__Exercise directions__.
Copy out the data exactly, leaving the pictures behind.

__Supplied information__.
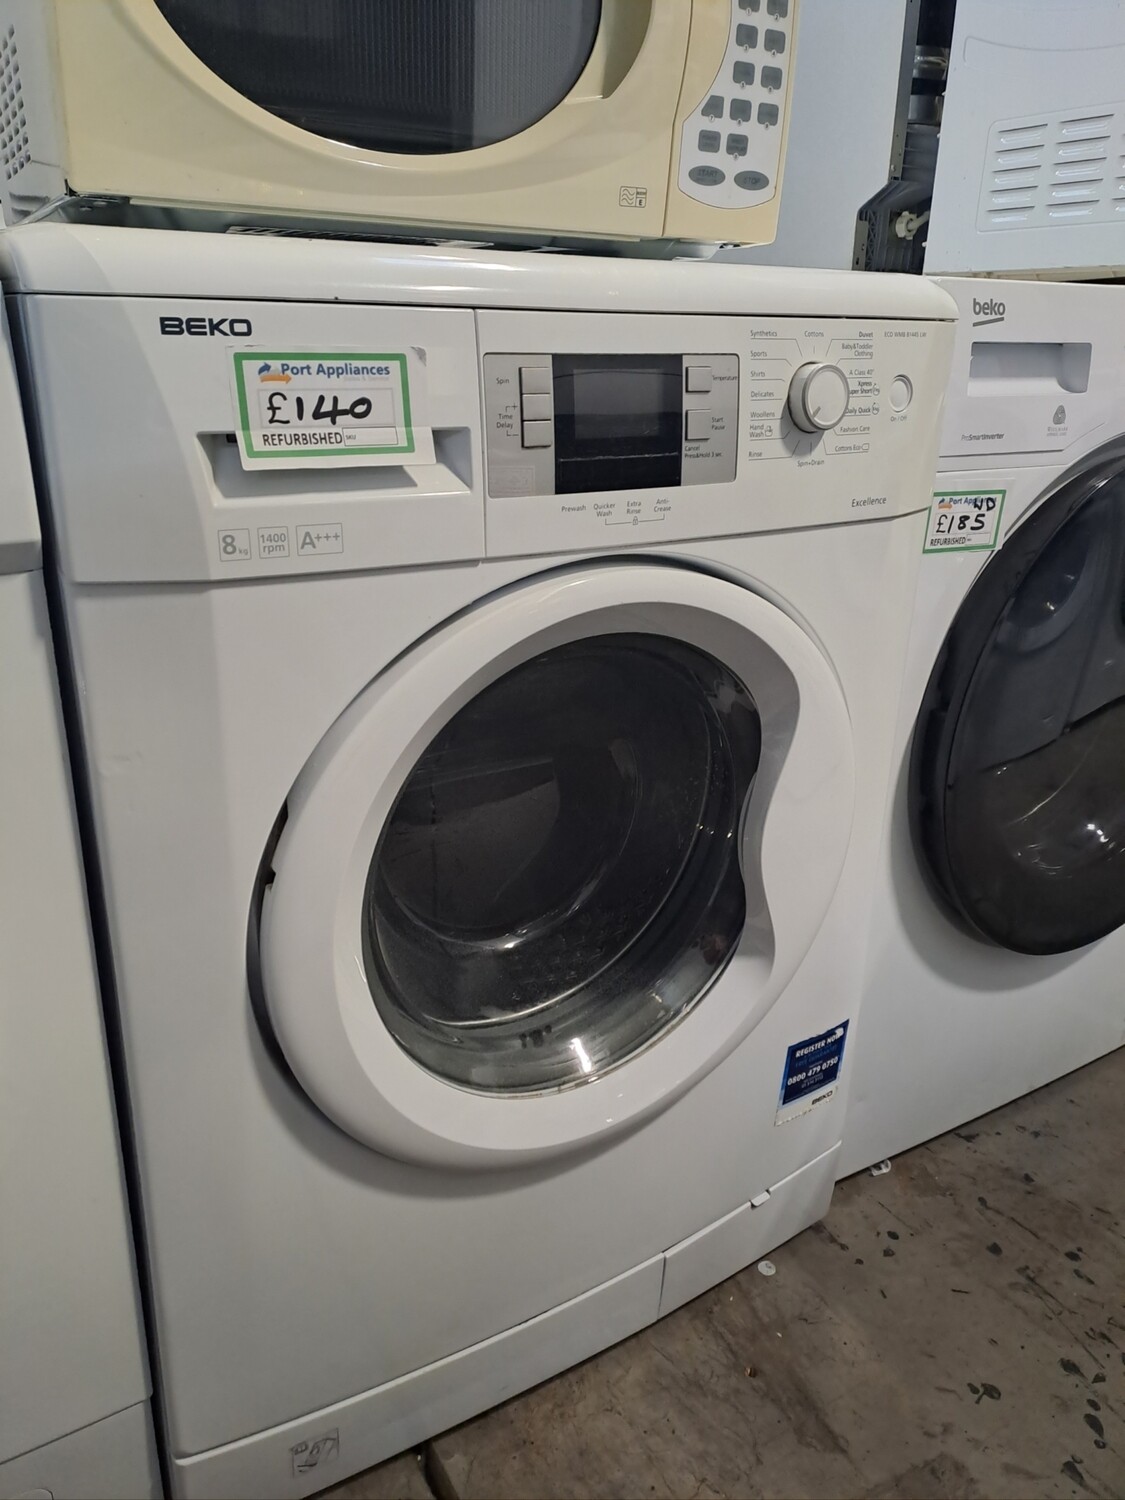 Beko A+++ 8kg Load 1400 Spin Washing Machine - White - Refurbished - 6 Month Guarantee
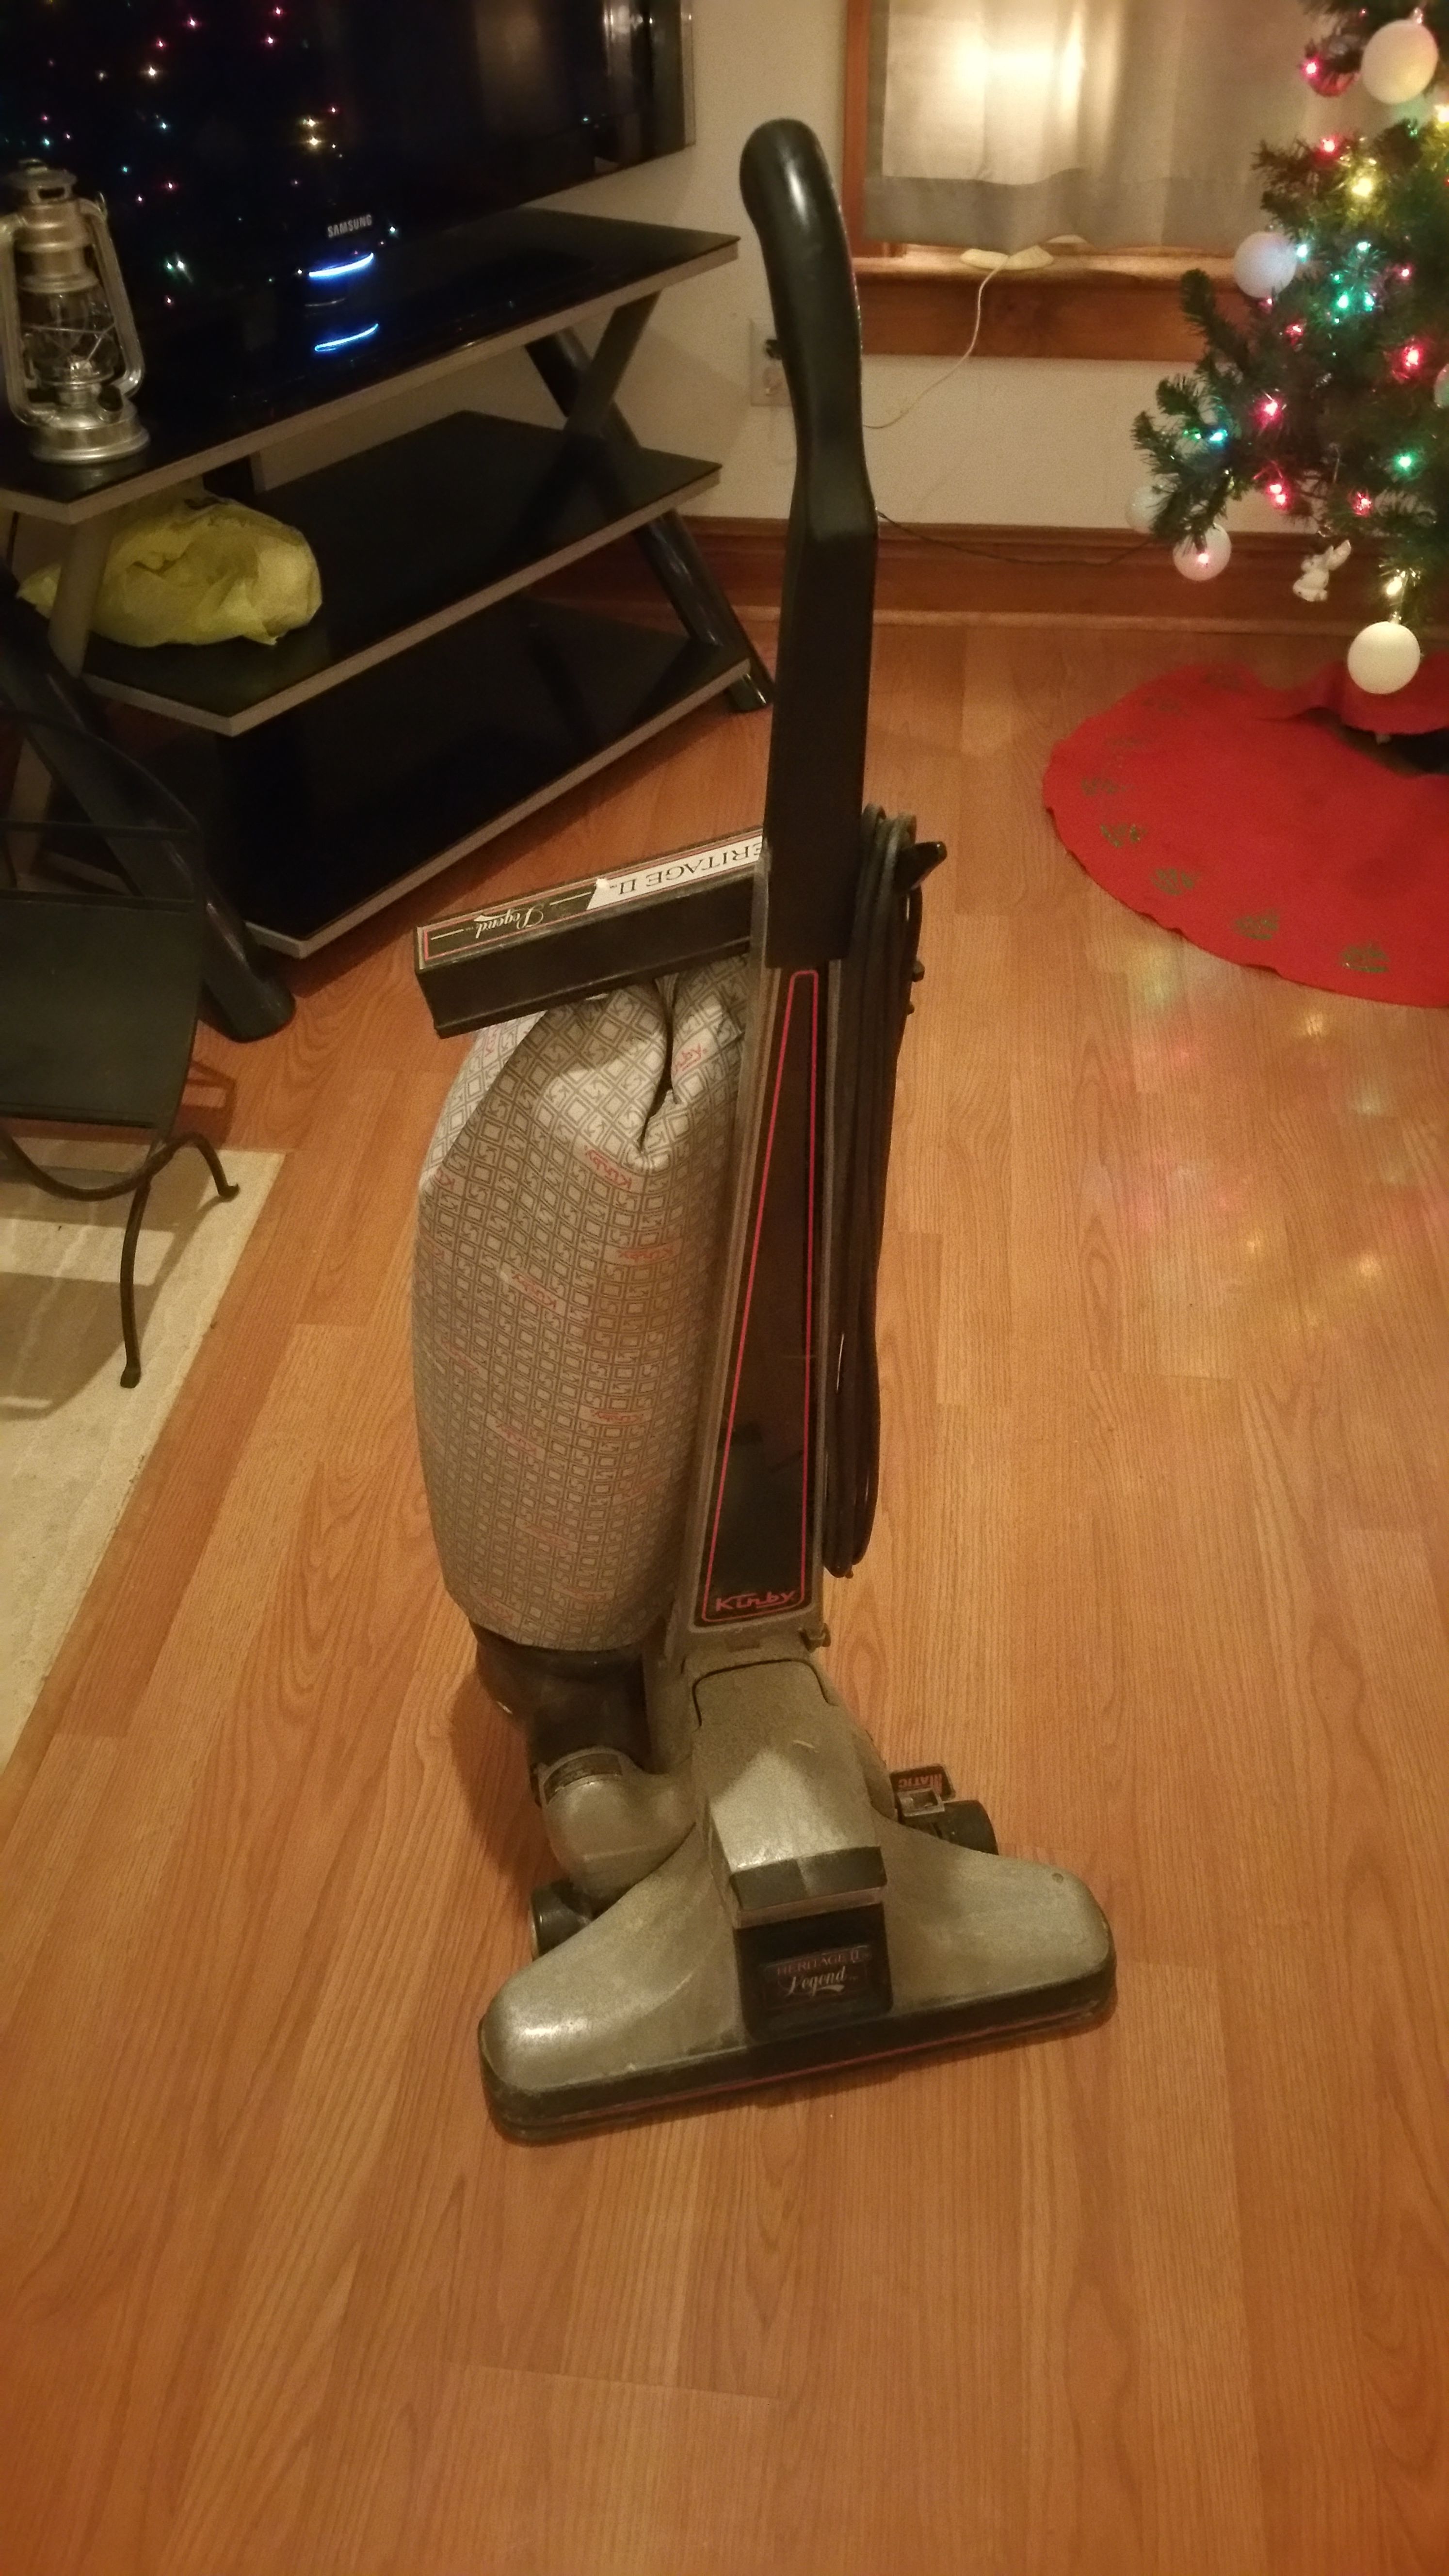 Kirby vacuum cleaner
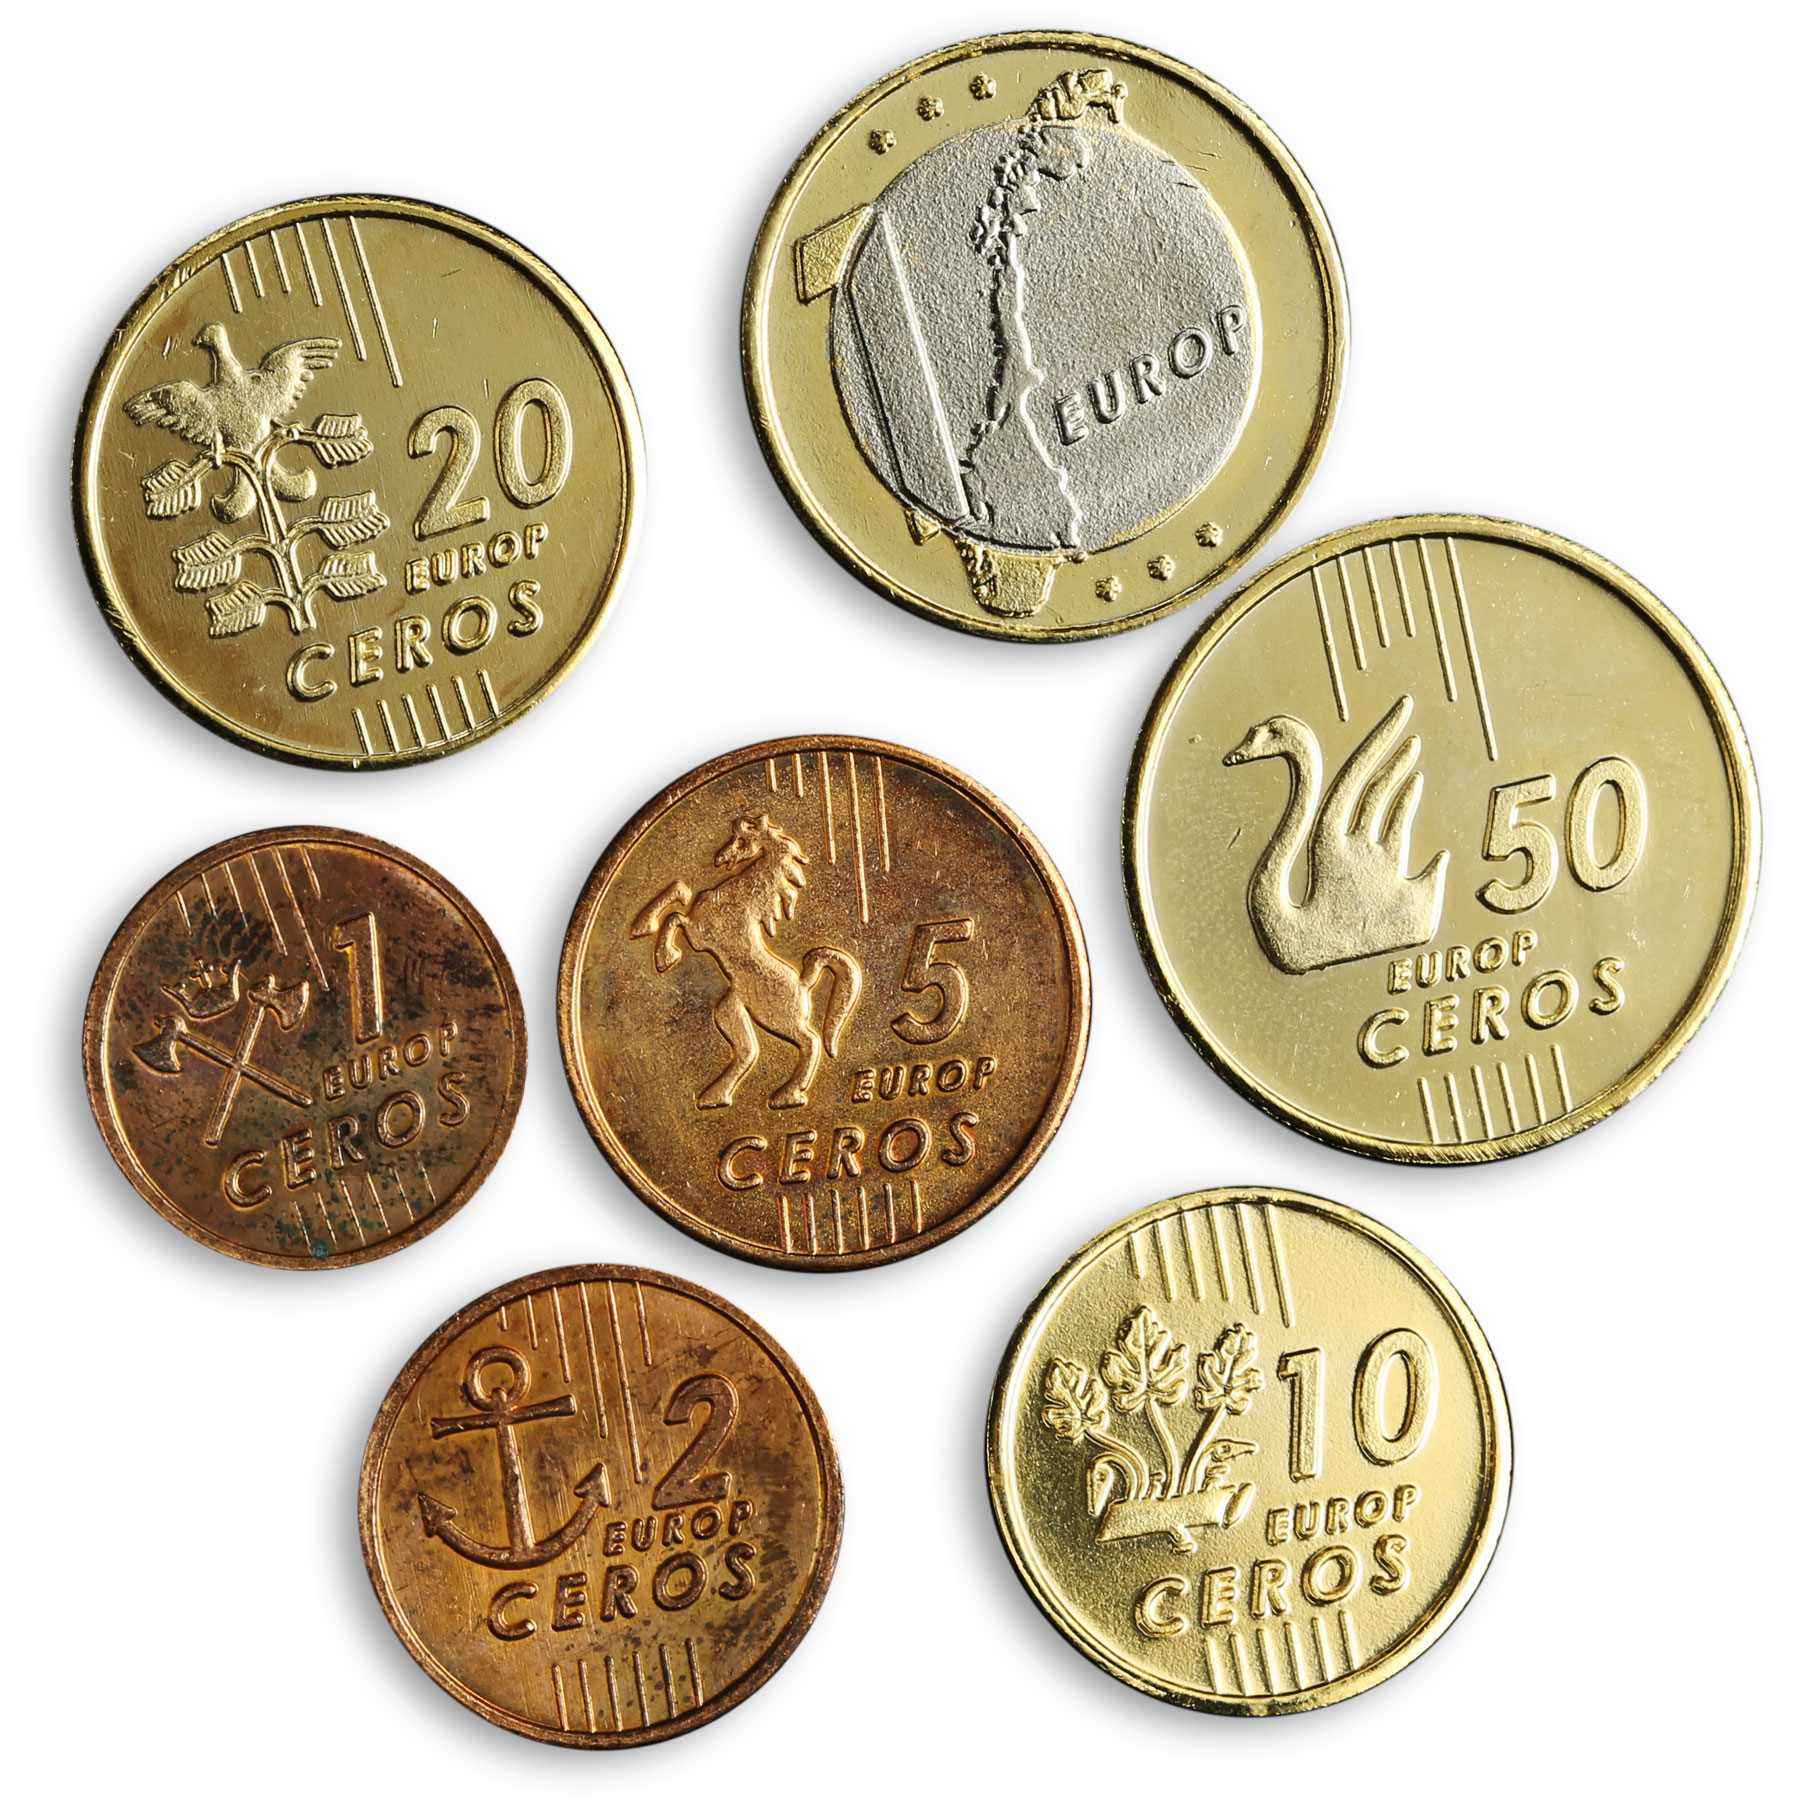 Norwegian Europ Ceros Set of 7 coins 2004

__Solution to the exercise__.
 Beko A+++ 8kg Load 1400 Spin Washing Machine - White - Refurbished - 6 Month Guarantee
 Kirby vacuum cleaner
 Norwegian Europ Ceros Set of 7 coins 2004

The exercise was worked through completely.